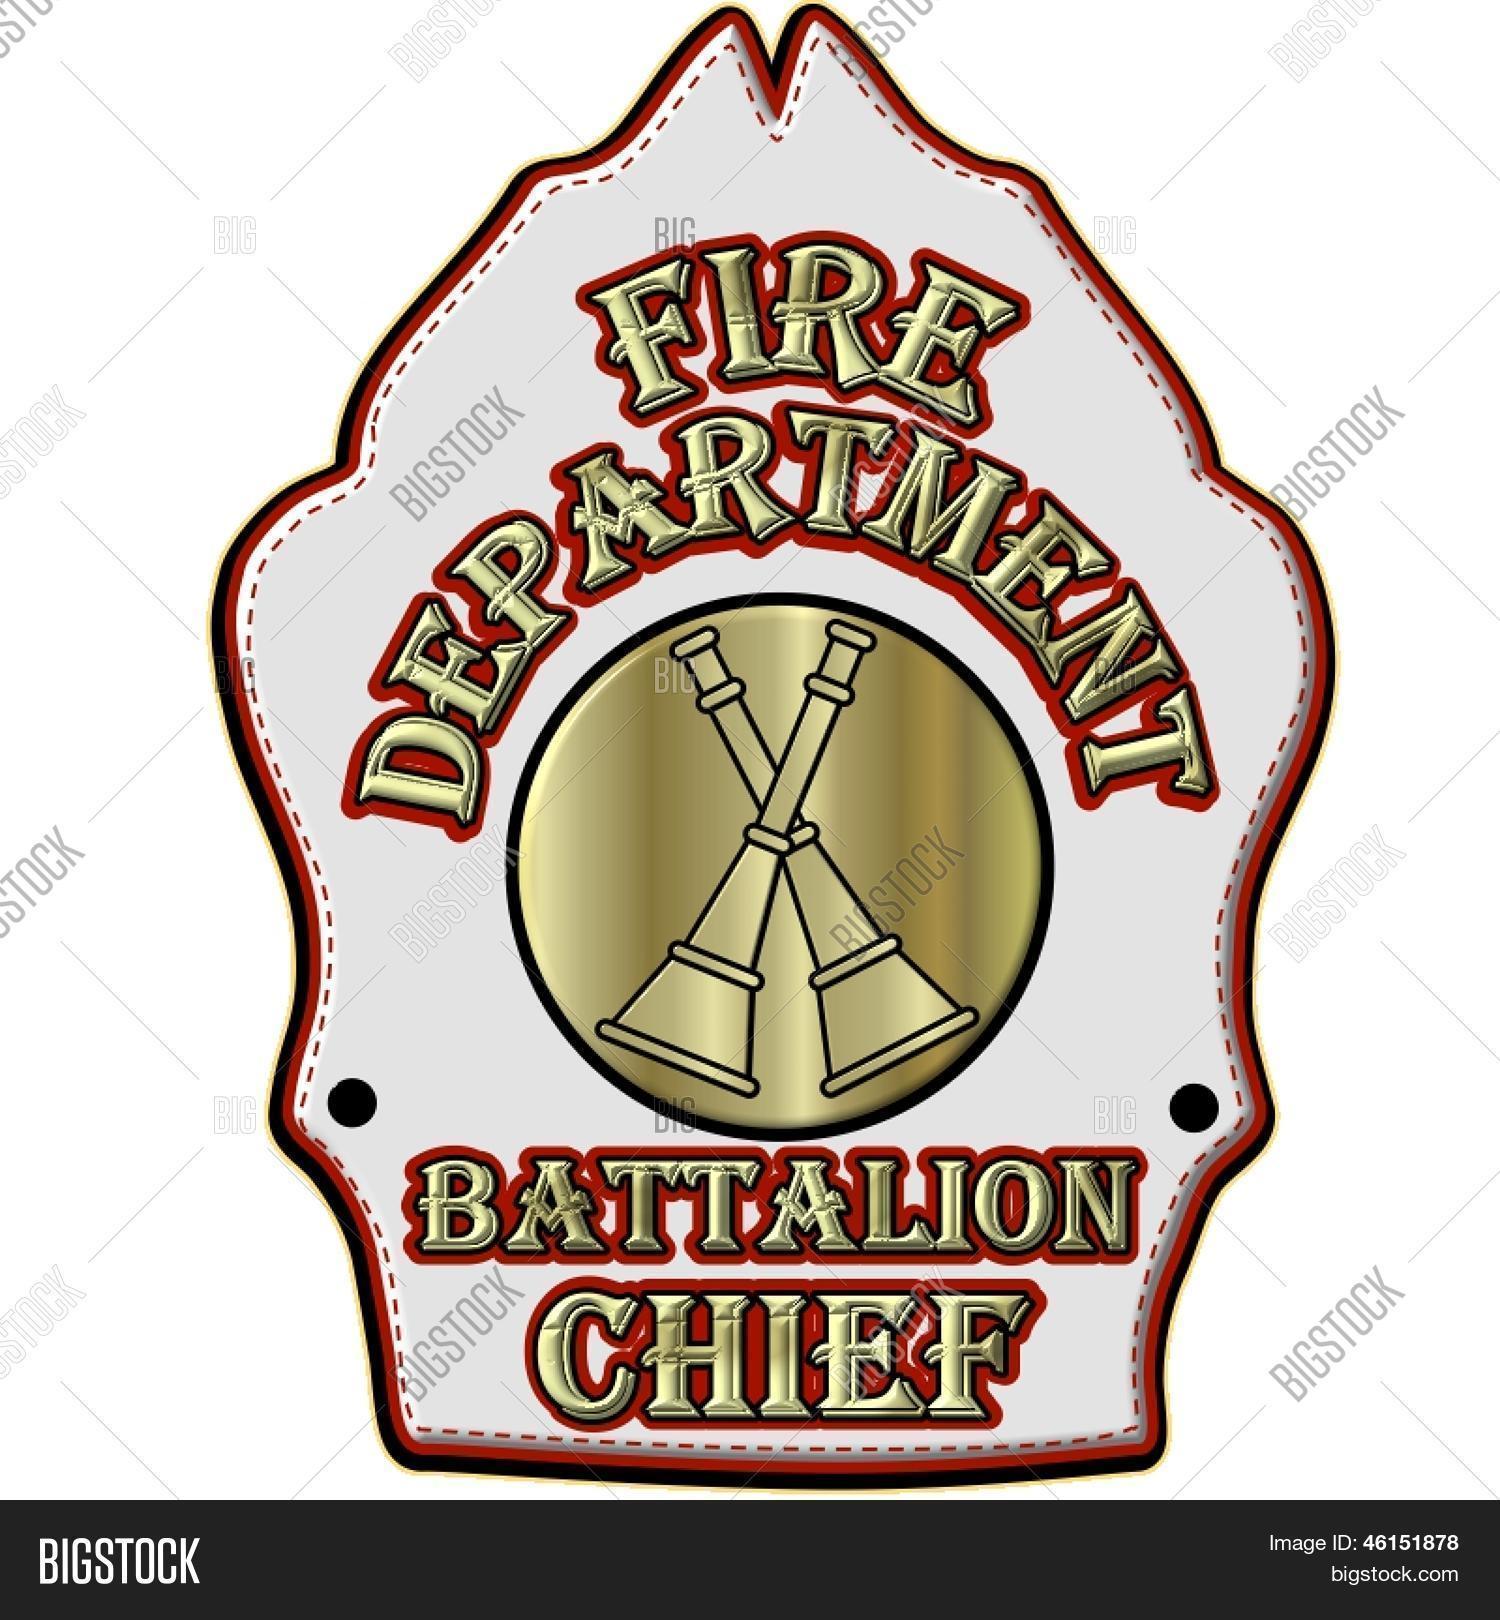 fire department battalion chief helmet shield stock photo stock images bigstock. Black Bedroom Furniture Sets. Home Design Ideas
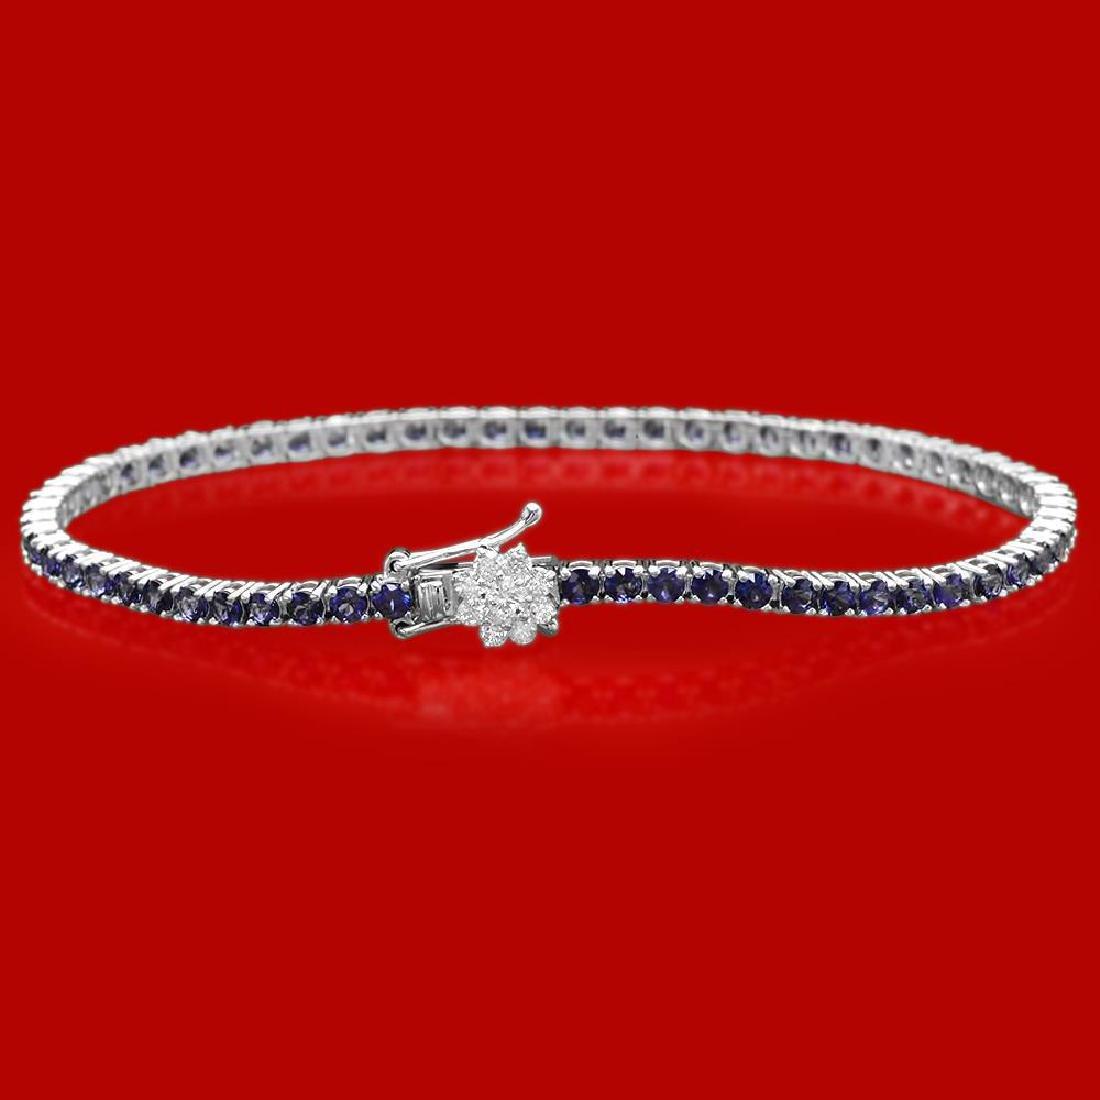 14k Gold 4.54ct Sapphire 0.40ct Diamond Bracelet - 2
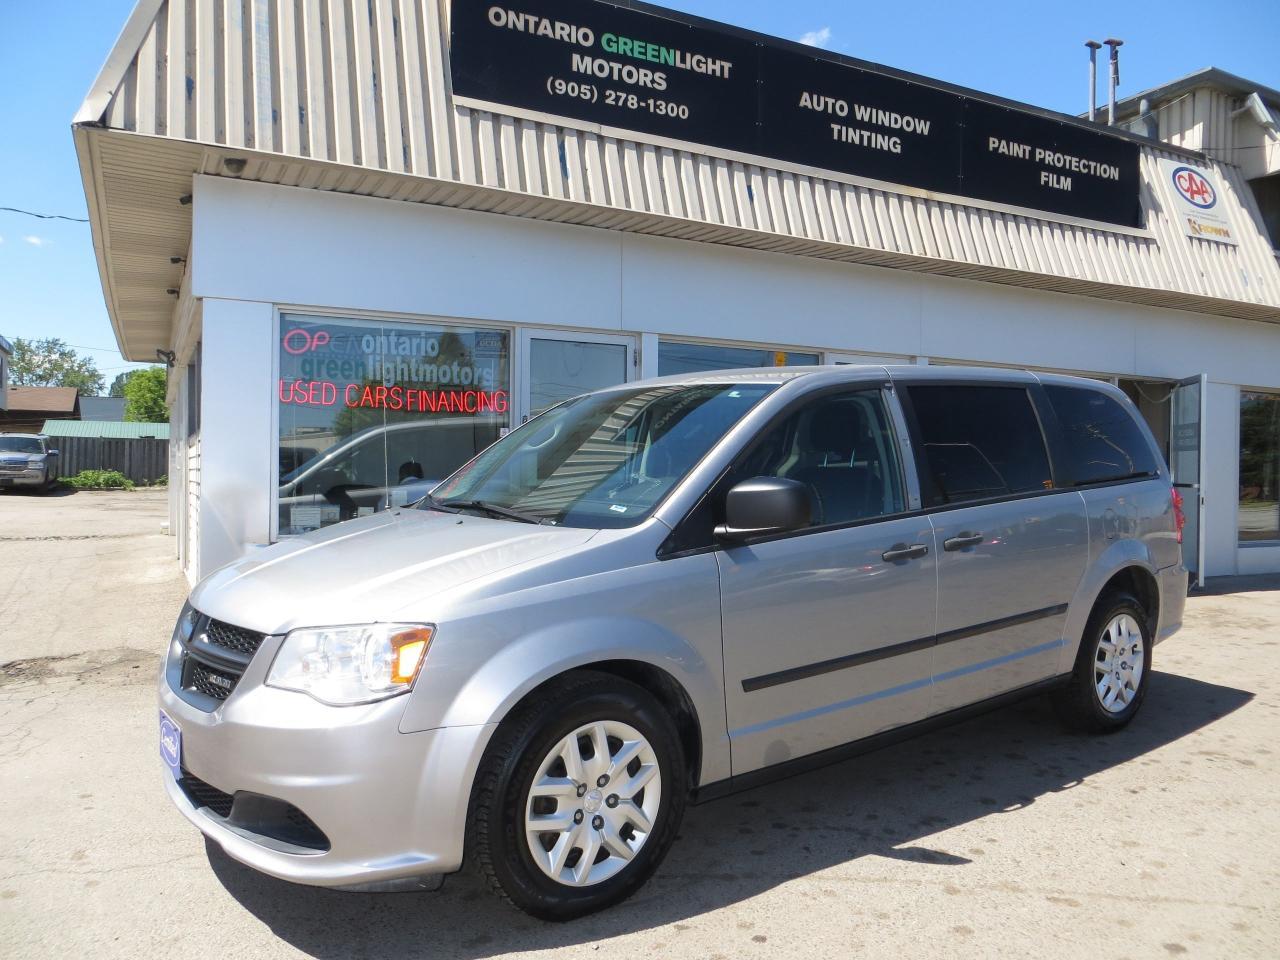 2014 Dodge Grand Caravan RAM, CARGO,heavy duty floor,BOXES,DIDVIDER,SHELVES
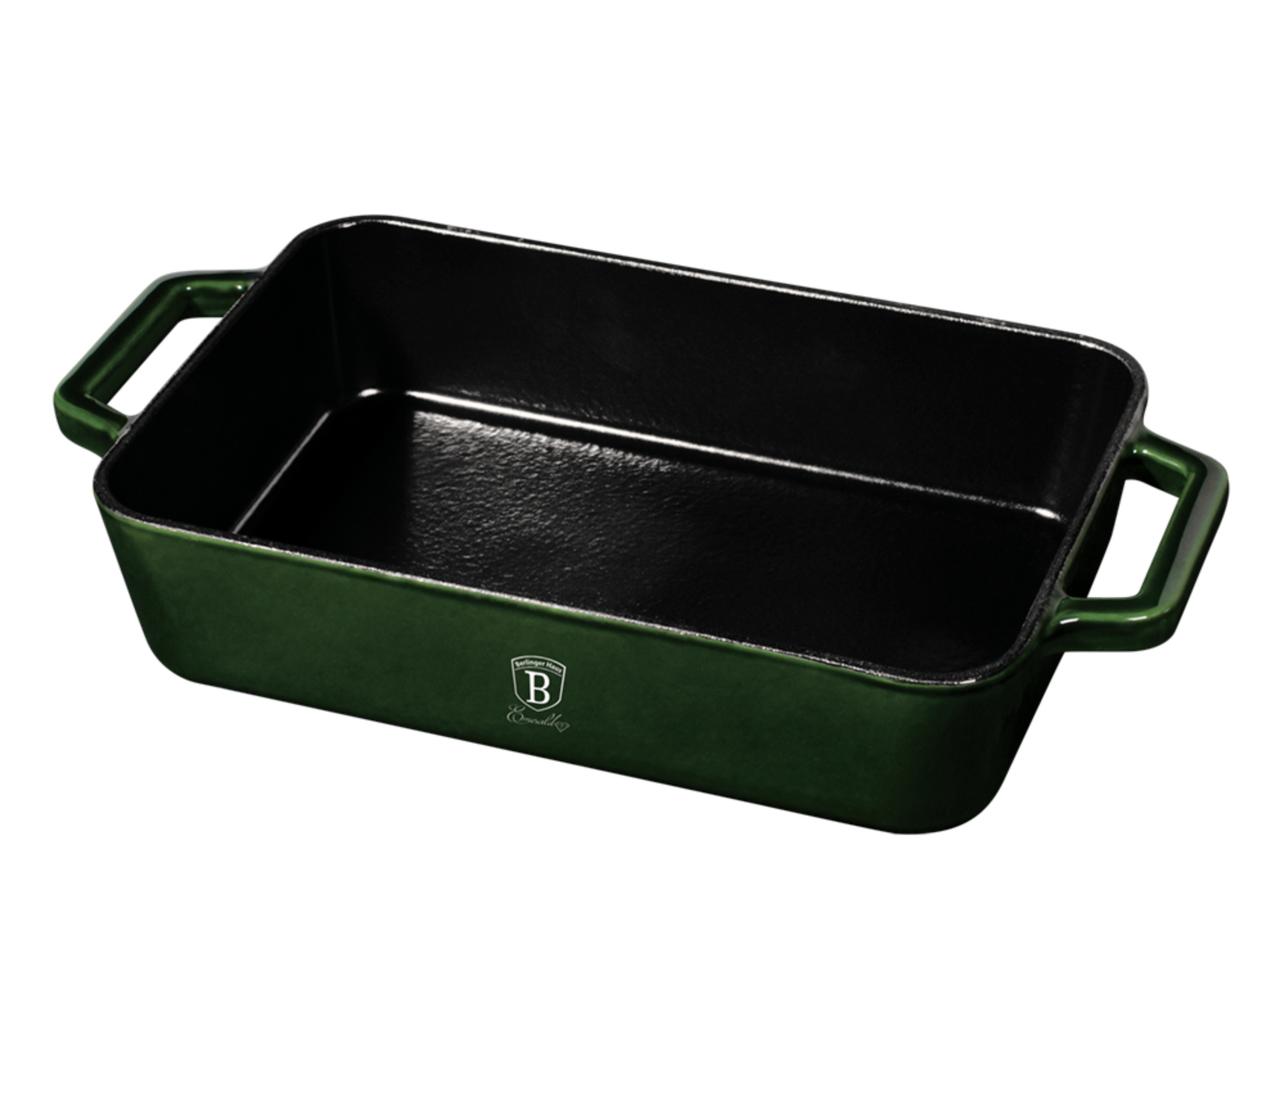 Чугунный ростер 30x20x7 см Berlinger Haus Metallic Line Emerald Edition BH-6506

§ Requirement: A verbatim copy of the material, pictures excluded, is what must be produced.

§ Answer:
 fire department battalion chief helmet shield stock photo stock images bigstock. Black Bedroom Furniture Sets. Home Design Ideas
 14k Gold 4.54ct Sapphire 0.40ct Diamond Bracelet - 2
 2014 Dodge Grand Caravan RAM, CARGO,heavy duty floor,BOXES,DIDVIDER,SHELVES
 Чугунный ростер 30x20x7 см Berlinger Haus Metallic Line Emerald Edition BH-6506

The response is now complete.